F-1 students get 90 days of unemployment on post-completion OPT and 150 aggregate days with the STEM OPT extension. Here is how the clock works, what counts as employment, and what to do as you approach the limit.

F-1 students on OPT have a hard ceiling on days without qualifying work. Cross it and SEVP can terminate your SEVIS record without warning.

The 90-day and 150-day OPT unemployment limits live in a single sentence of federal regulation, and most commercial guides get the math wrong. Post-completion OPT gives you 90 days. Moving to the STEM OPT extension raises the cap to 150 days, but only in the aggregate. Days you already burned on post-completion OPT count toward that 150. This guide walks through how the rule actually works in 2026, how the clock is counted, what qualifies as employment, and what to do when your day count is climbing. If you are earlier in the process, our complete guide to the OPT application covers filing basics. For day-to-day case tracking, see 5 ways to check your EAD application status.

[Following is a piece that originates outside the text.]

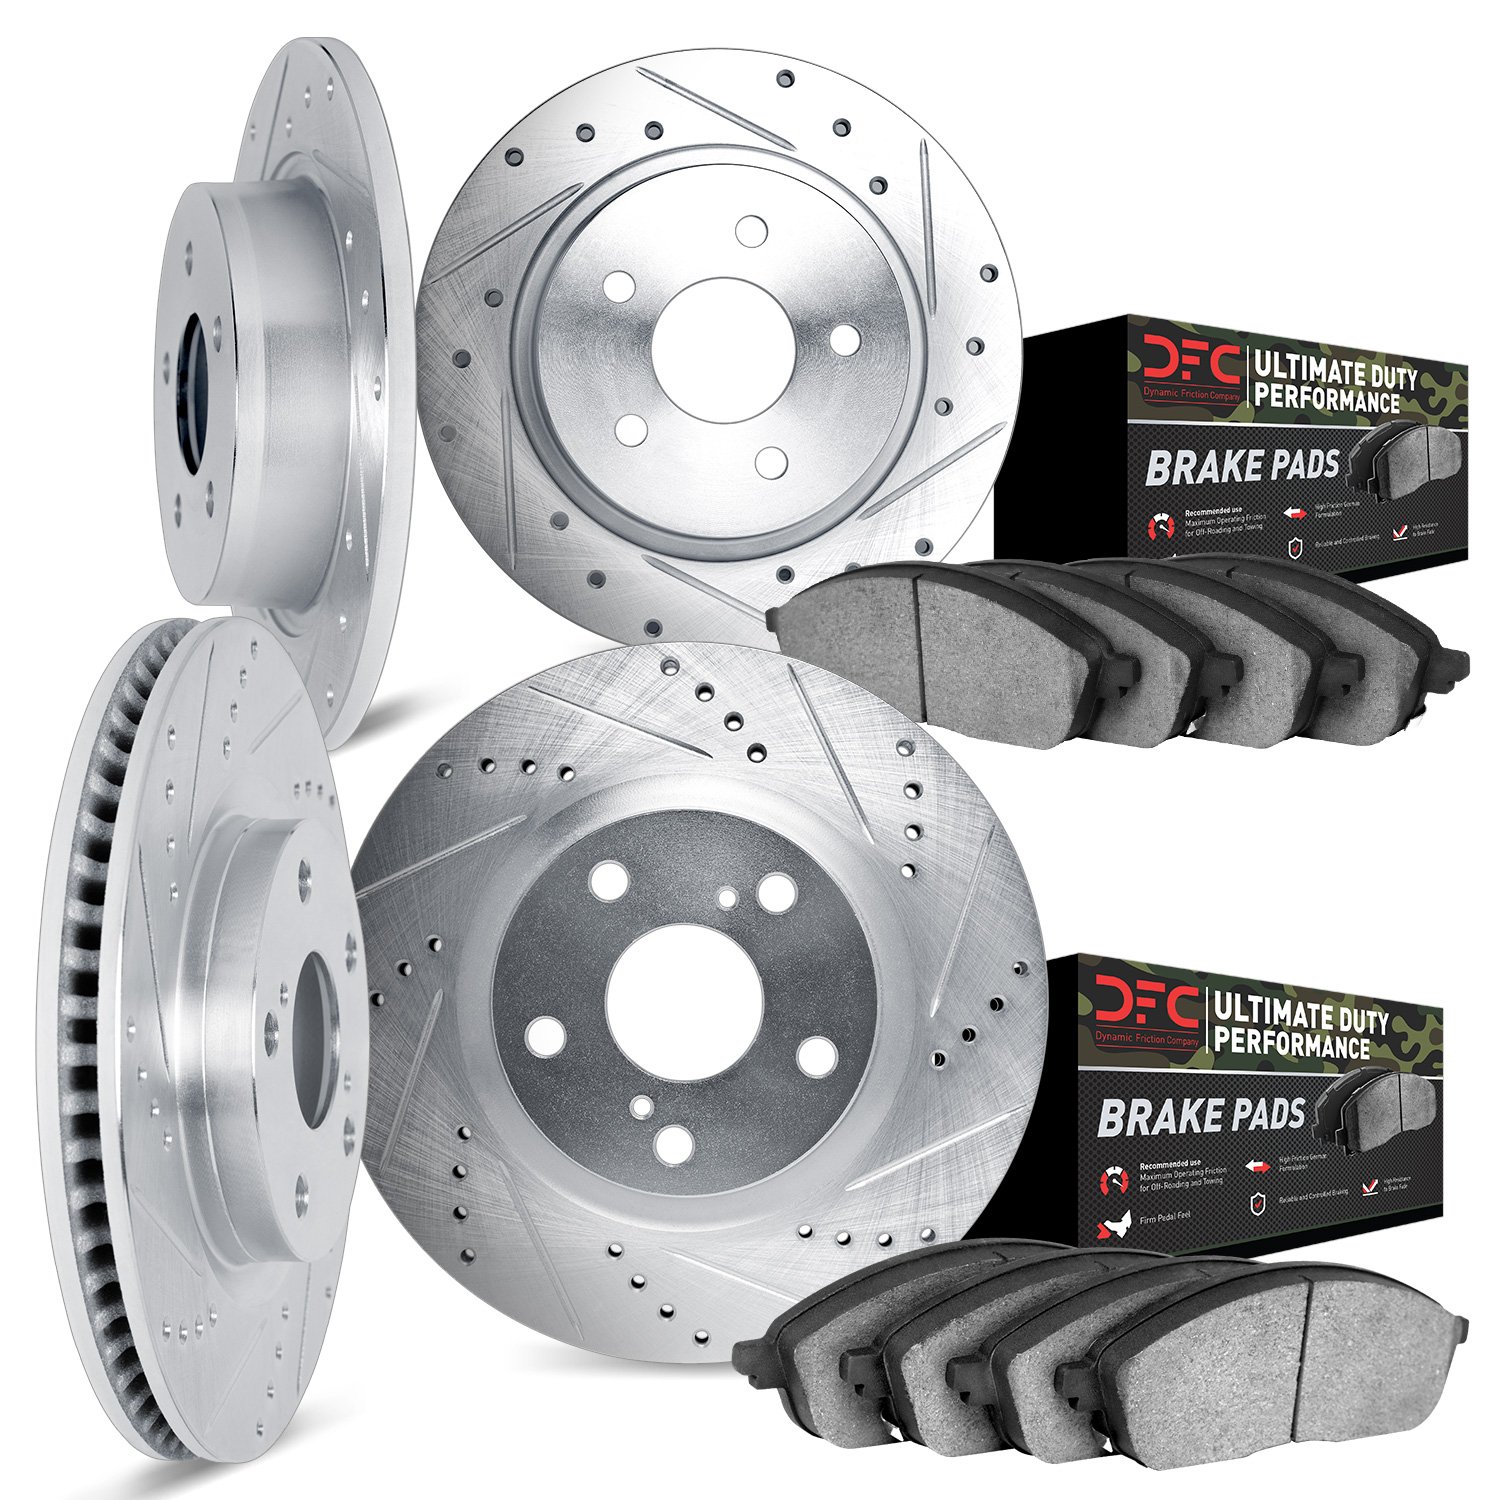 7404-42008 Drilled/Slotted Brake Rotors with Ultimate-Duty Brake Pads Kit [Silver], Fits Select Mopar, Position: Front and Rear

How the 90-day and 150-day OPT unemployment rules actually work

The rule sits at 8 CFR § 214.2(f)(10)(ii)(E). In plain English: during post-completion OPT your F-1 status depends on working. You may not accrue more than 90 aggregate days of unemployment during that period. If you get a 24-month STEM OPT extension, the cap rises to 150 total days of unemployment across the full OPT period, meaning post-completion OPT plus the STEM extension combined.

That word "aggregate" is where most people trip up. The 150-day cap is not a fresh allowance of 150 days that resets when STEM OPT begins. It is a ceiling that includes whatever you already used. Spend 60 days unemployed on post-completion OPT, move to STEM, and you have 90 days left, not 150. DHS confirms this on the Study in the States STEM OPT page: the 150 days "includes any of the remaining 90 days of unemployment allotted from the standard post-completion OPT."

The counters do not reset between phases at the same degree level. They do reset if you earn a higher-level degree and start a new OPT period, because that is a fresh F-1 benefit.

When the clock starts and when it keeps ticking

For post-completion OPT, the clock starts on the Actual OPT Start Date on your Employment Authorization Document (EAD). Not the approval date, not your program end date, and not the day your card shows up in the mail. For STEM OPT, SEVIS uses the Actual STEM OPT Start Date, which is the day after post-completion OPT ends, even if the USCIS-approved start date on the EAD is later. If the card arrives after the applicable actual start date, those days can still count as unemployment.

Days are calendar days. Weekends and federal holidays count the same as weekdays. If you are employed during a given period, holidays inside that employment do not count, but gaps between jobs do. SEVP removed earlier 10-day grace carve-outs in its 2010 guidance.

Time outside the United States counts too, with two narrow exceptions: employer-authorized leave while you remain employed, and travel that is itself part of your employment. Leisure travel during an unemployment gap keeps the clock running. Cap-gap does not pause counting either. If your H-1B change-of-status petition is pending during the cap-gap extension and you are not working, those days still accrue toward 90 or 150. USCIS may require biometrics in some I-765 cases, and missing a required appointment can delay adjudication, so respond promptly to any USCIS appointment notice and reschedule if necessary.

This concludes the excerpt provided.